- _WHAT THE EXERCISE ASKS_
The whole listing below needs to be duplicated exactly, pictures aside.

- _SUPPLIED DATA_
•••

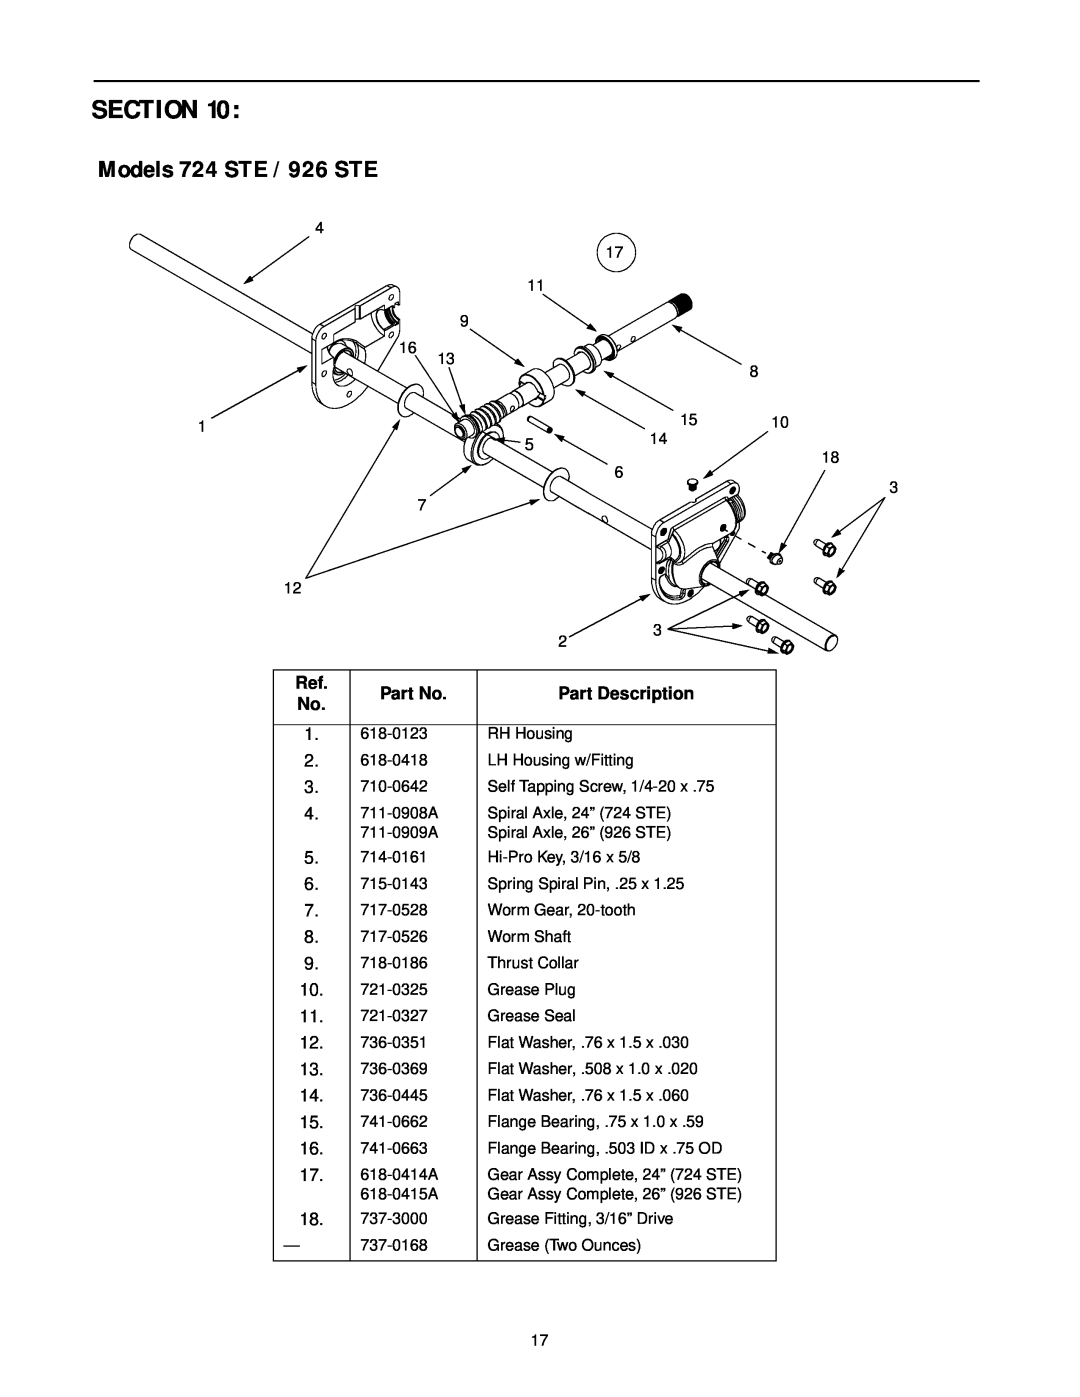 Cub Cadet manual Section, Models 724 STE / 926 STE, Part Description 
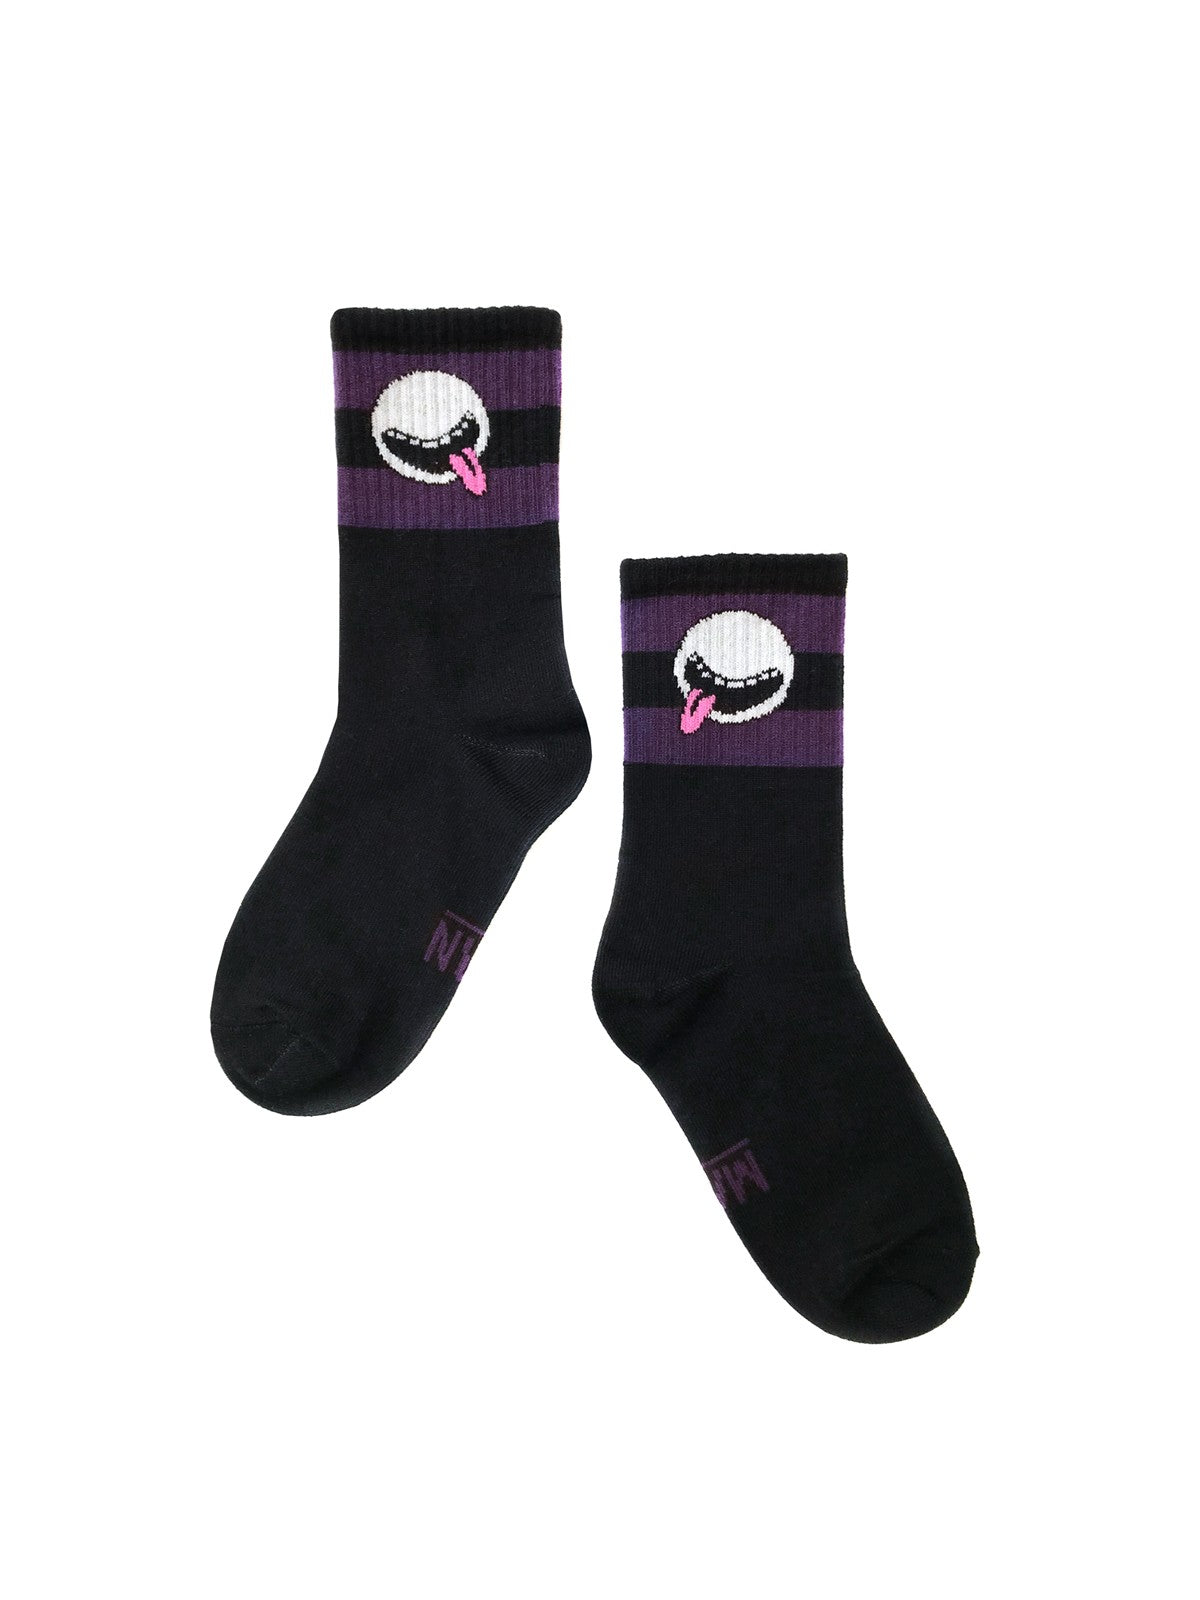 COSMIC CUTIE Socks
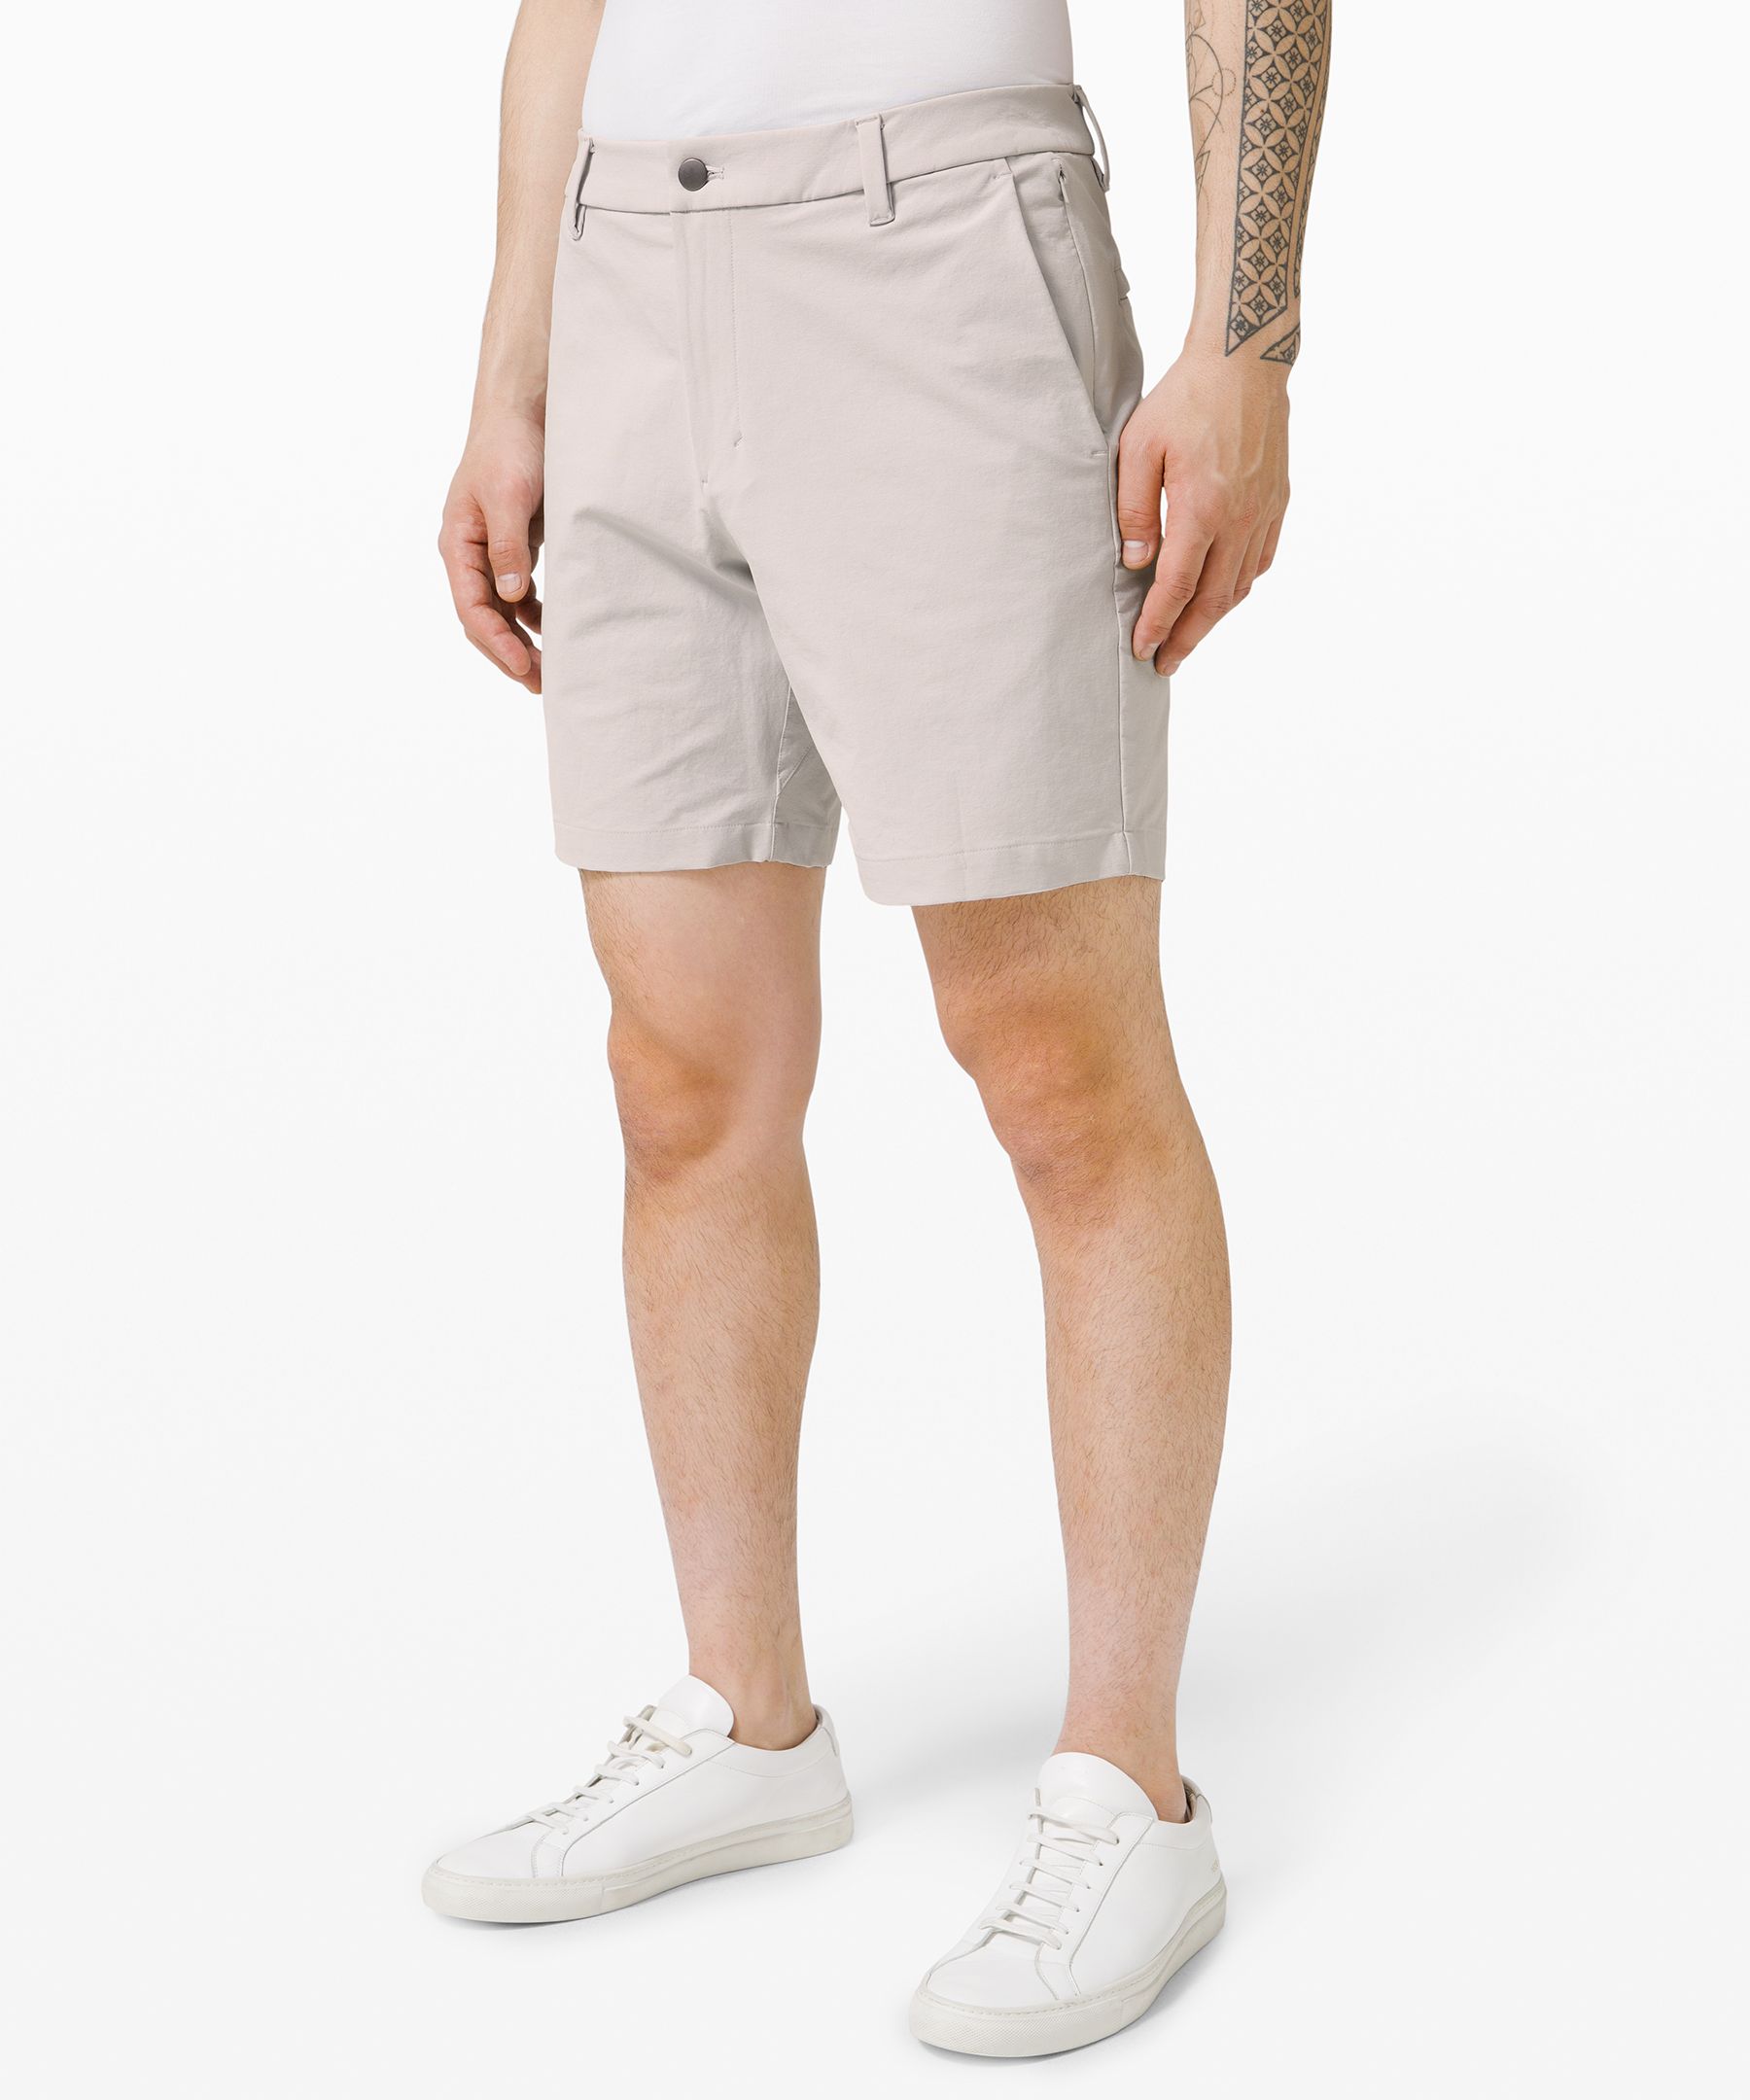 lululemon abc shorts

•••

- _SOLUTION FOR THIS TASK_
 Cub Cadet manual Section, Models 724 STE / 926 STE, Part Description 
 COSMIC CUTIE Socks
 lululemon abc shorts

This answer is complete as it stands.